Рядом с Бродским другие молодые нонконформисты казались людьми иной профессии.
Бродский создал неслыханную модель поведения. Он жил не в пролетарском государстве, а в монастыре собственного духа.
Он не боролся с режимом. Он его не замечал. И даже нетвердо знал о его существовании.
Его неосведомленность в области советской жизни казалась притворной. Например, он был уверен, что Дзержинский — жив. И что «Коминтерн» — название музыкального ансамбля. Он не узнавал членов Политбюро ЦК. Когда на фасаде его дома укрепили шестиметровый портрет Мжаванадзе, Бродский сказал:
— Кто это? Похож на Уильяма Блэйка…
Своим поведением Бродский нарушал какую-то чрезвычайно важную установку. И его сослали в Архангельскую губернию.
Советская власть — обидчивая дама. Худо тому, кто ее оскорбляет. Но гораздо хуже тому, кто ее игнорирует…
Иосиф Бродский:
Потом он исчез с улицы, потому что загремел в армию. Вернулся он оттуда, как Толстой из Крыма, со свитком рассказов и некоторой ошеломленностью во взгляде. Почему он притащил их мне, было не очень понятно, поскольку я писал стихи. С другой стороны, я был на пару лет старше, а в молодости разница в два года весьма значительна: сказывается инерция средней школы, комплекс старшеклассника; если вы пишете стихи, вы еще и в большей мере старшеклассник по отношению к прозаику. Следуя этой инерции, показывал он рассказы свои еще и Найману, который был еще в большей мере старшеклассник. От обоих нас тогда ему сильно досталось: показывать их нам он, однако, не перестал, поскольку не прекращал их сочинять.
Это отношение к пишущим стихи сохранилось у него на всю жизнь. Не берусь гадать, какая от наших, в те годы преимущественно снисходительно-иронических, оценок и рассуждений была ему польза. Безусловно одно — двигало им вполне бессознательное ощущение, что проза должна мериться стихом. За этим стояло, безусловно, нечто большее: представление о существовании душ более совершенных, нежели его собственная. Неважно, годились ли мы на эту роль или нет, — скорей всего, что нет; важно, что представление это существовало; в итоге, думаю, никто не оказался внакладе.

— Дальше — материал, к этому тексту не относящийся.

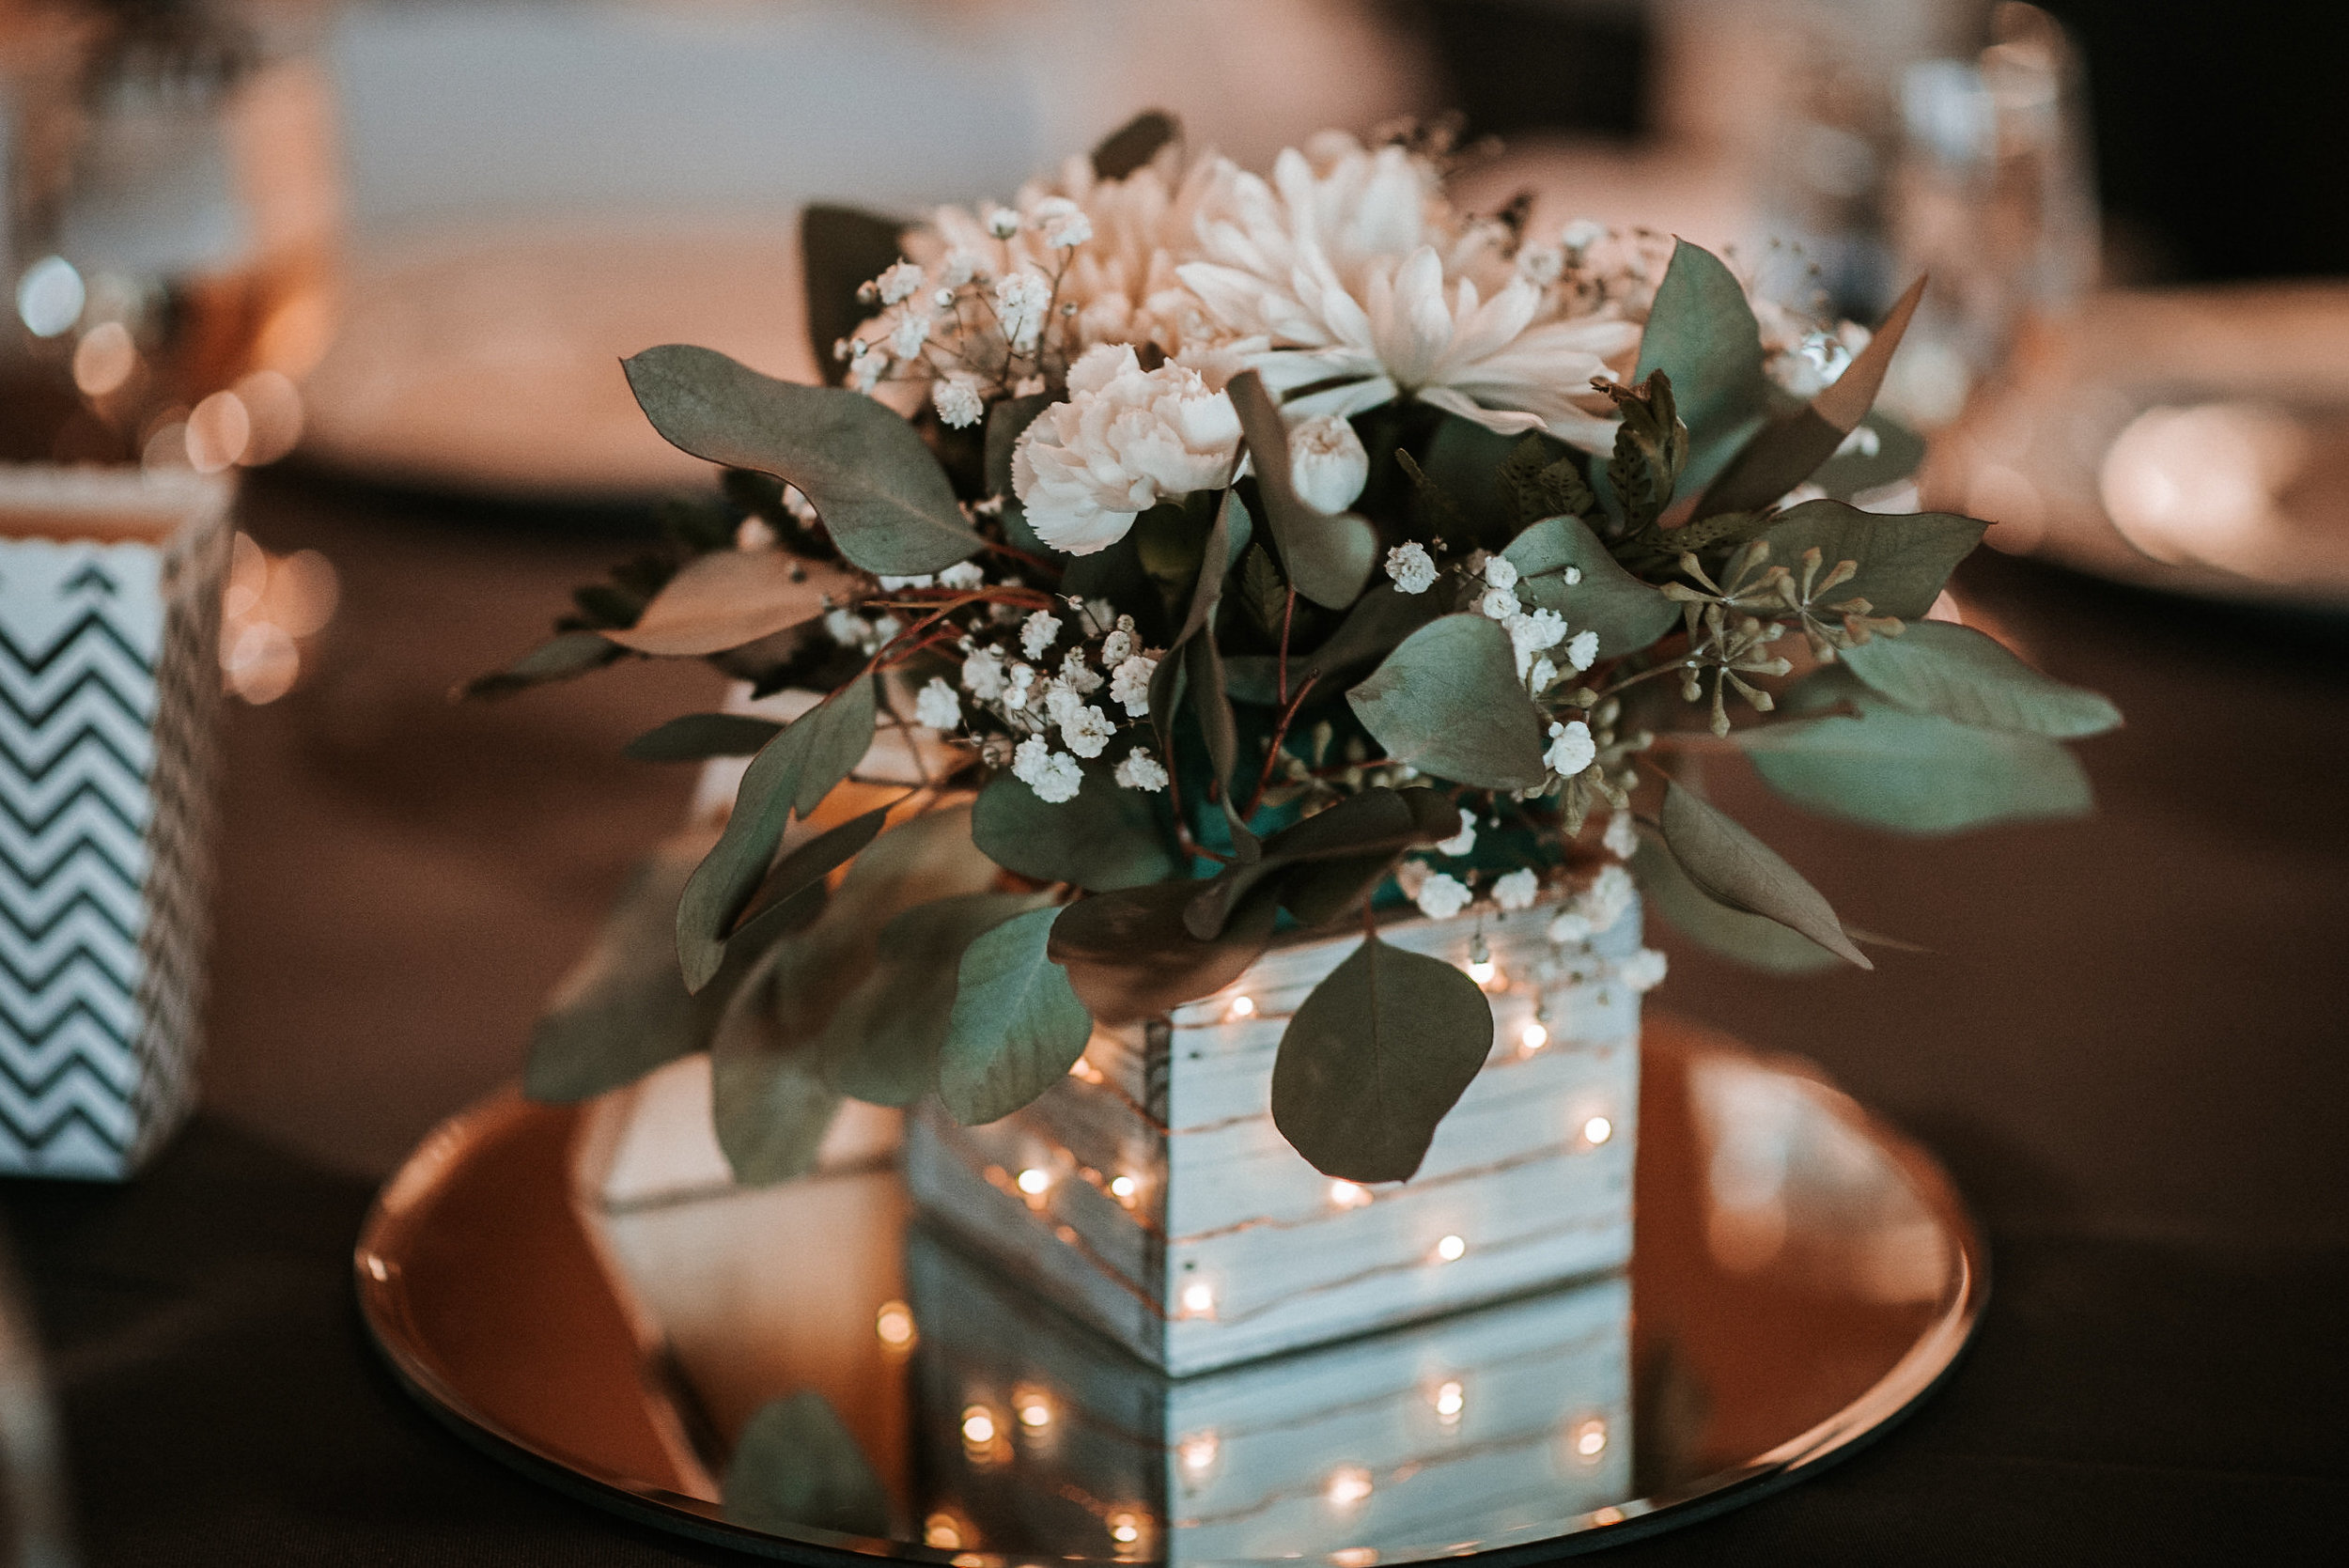 Centerpieces at wedding reception

(Бродский И. О Сереже Довлатове («Мир уродлив, и люди грустны») // Довлатов С. Собрание сочинений. В 3-х т. СПб., 1993. Т. 3. С. 357–358)
Лев Лосев:
Мы познакомились, когда я работал заведующим отделом спорта и юмора в журнале «Костер», а Довлатов, вернувшись из армии, стал что-то писать для «Костра». Я был всего на четыре года старше, но тогда мы были молоды, и такая разница казалась большой. С самого начала Сережа стал ко мне относиться с подчеркнутой почтительностью. Я был для него если не ментором, то старшим товарищем: он, например, мог спрашивать у меня советов (житейских или литературных), которых я ему дать не мог, в чем честно признавался.
По бульвару вдоль желтых скамеек, мимо гипсовых урн шагает небольшого роста человек. Зовут его Анатолий Найман.
Быстрые ноги его обтянуты светлыми континентальными джинсами. В движениях — изящество юного князя.
Найман — интеллектуальный ковбой. Успевает нажать спусковой крючок раньше любого оппонента. Его трассирующие шутки — ядовиты.
Анатолий Найман:
В молодости он повторял с восторгом и надеждой: «Если бы я мог написать хоть один рассказ, как Куприн!» В другой раз он говорил о своем сверстнике, поэте, моем тогдашнем друге: «Мне позвонил Н. Представляете себе? Это как если бы вам позвонил Николай Угодник». Или: «Вы не знаете всех степеней низости ленинградской литературы. Вообразите, есть люди, которые, как я уважаю вас, уважают меня».
В этом «я уважаю вас», искренне обращенном ко многим знакомым и незнакомым, была основа и мера его самоуважения. Он выбрал быть своим среди уважаемых, а не лучшим среди неуважаемых.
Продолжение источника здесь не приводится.